Language-EXtended Indoor SLAM (LEXIS): A Versatile System for Real-time Visual Scene Understanding
This work addresses the need for versatile semantic understanding in indoor mobile and assistive autonomous systems, though it is incremental as it builds on existing SLAM and LLM methods.
The authors tackled the problem of limited adaptability in indoor autonomous systems by introducing LEXIS, a real-time SLAM system that uses LLMs for open-vocabulary scene understanding, achieving SOTA performance in room categorization and equivalent performance in place recognition and trajectory estimation.

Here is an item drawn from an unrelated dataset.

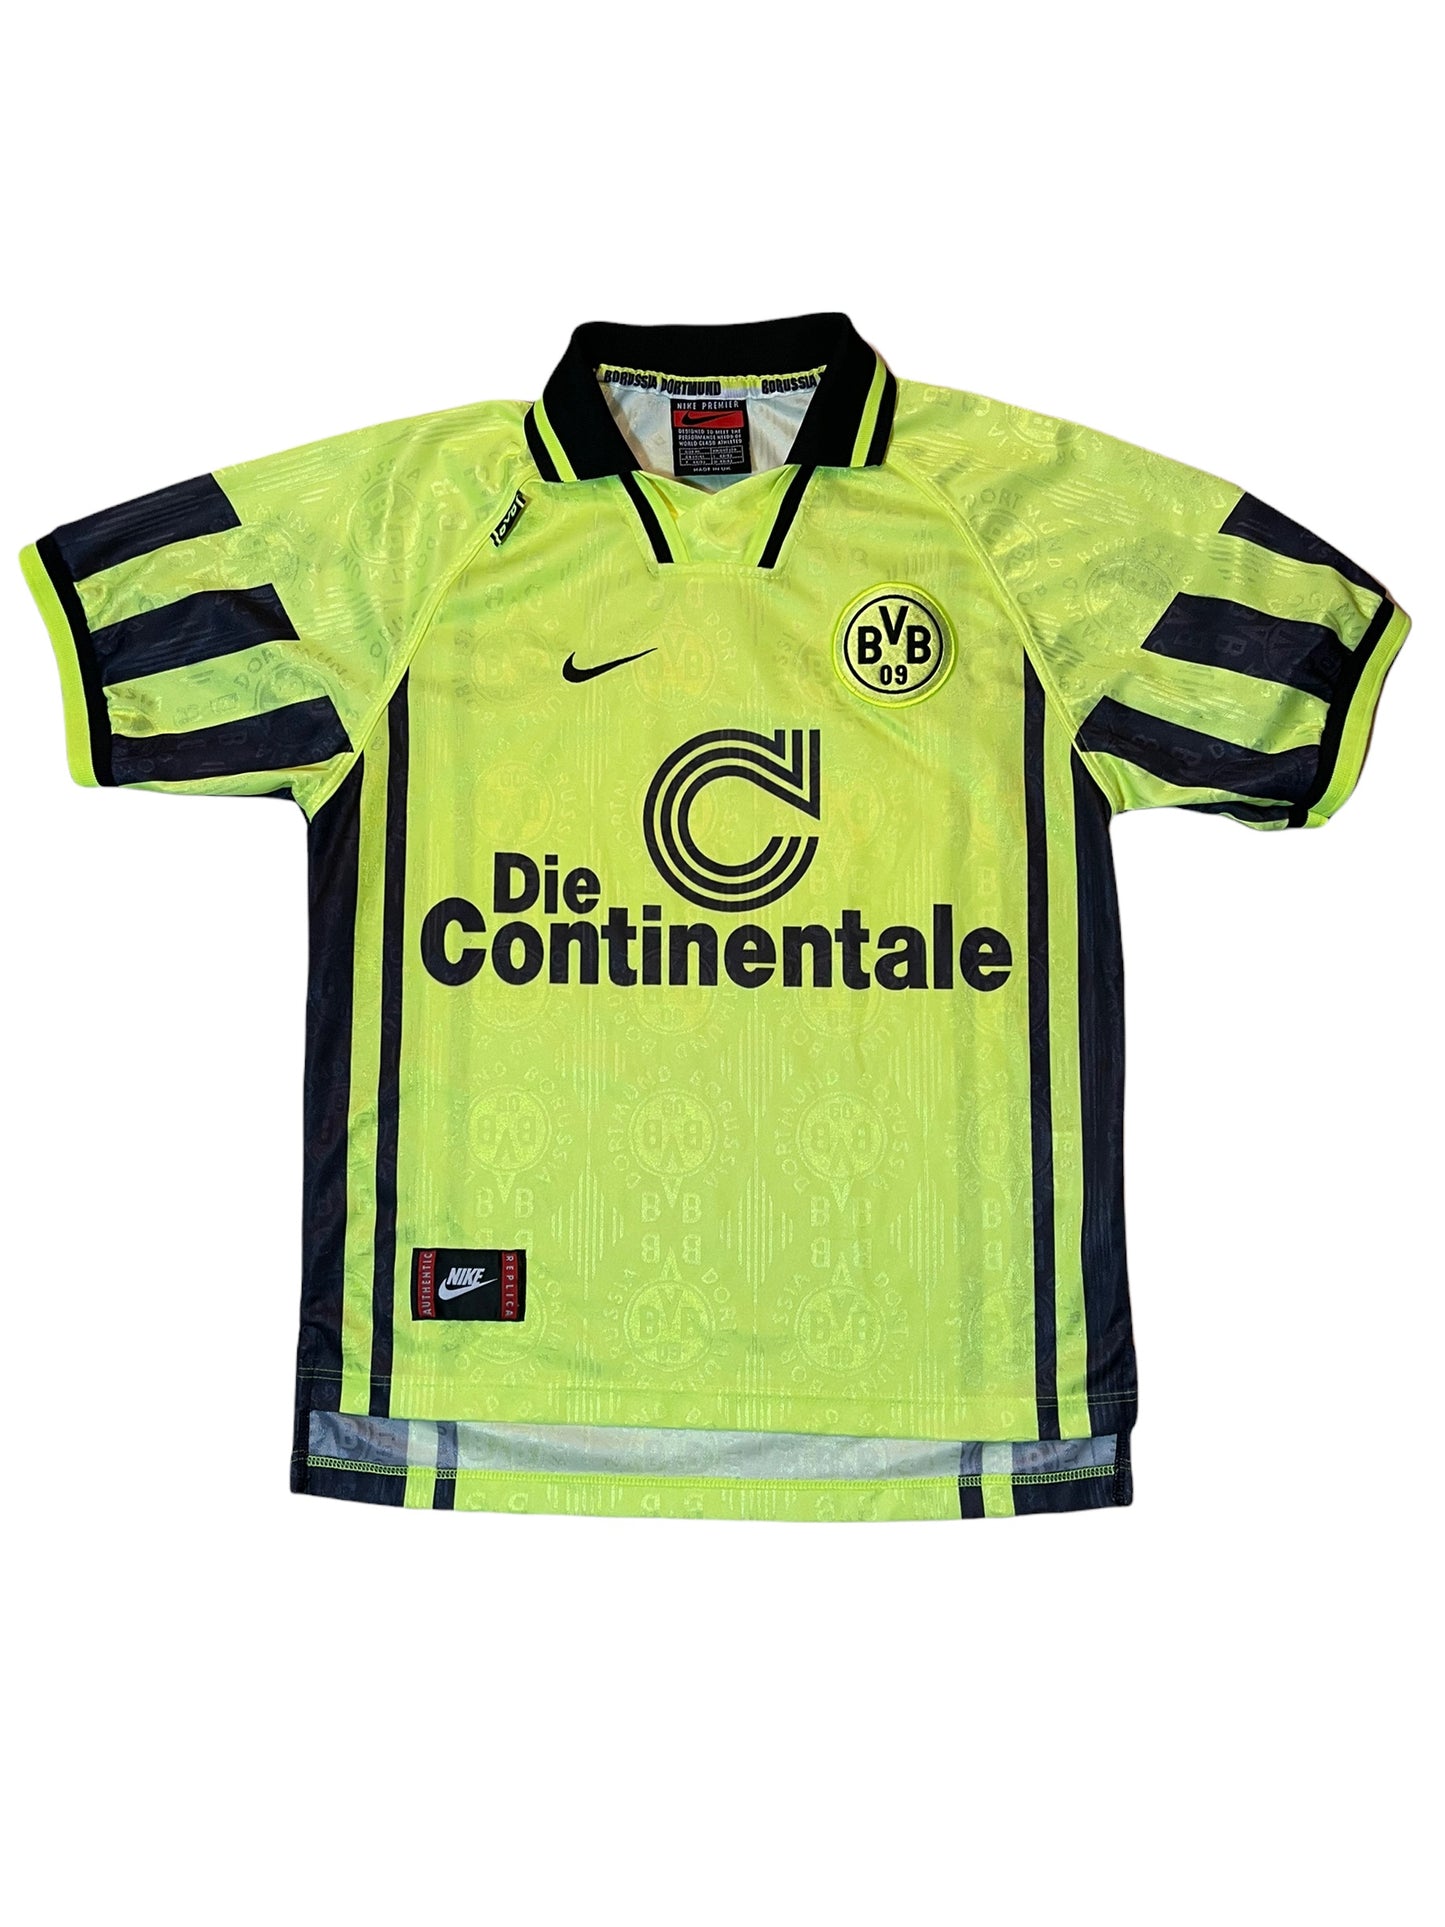 Vintage BVB Borrusia Dortmund Nike Premier 1996-1997 Size M Football Shirt Home Die Continentale Made in UK

Versatile and adaptive semantic understanding would enable autonomous systems to comprehend and interact with their surroundings. Existing fixed-class models limit the adaptability of indoor mobile and assistive autonomous systems. In this work, we introduce LEXIS, a real-time indoor Simultaneous Localization and Mapping (SLAM) system that harnesses the open-vocabulary nature of Large Language Models (LLMs) to create a unified approach to scene understanding and place recognition. The approach first builds a topological SLAM graph of the environment (using visual-inertial odometry) and embeds Contrastive Language-Image Pretraining (CLIP) features in the graph nodes. We use this representation for flexible room classification and segmentation, serving as a basis for room-centric place recognition. This allows loop closure searches to be directed towards semantically relevant places. Our proposed system is evaluated using both public, simulated data and real-world data, covering office and home environments. It successfully categorizes rooms with varying layouts and dimensions and outperforms the state-of-the-art (SOTA). For place recognition and trajectory estimation tasks we achieve equivalent performance to the SOTA, all also utilizing the same pre-trained model. Lastly, we demonstrate the system's potential for planning.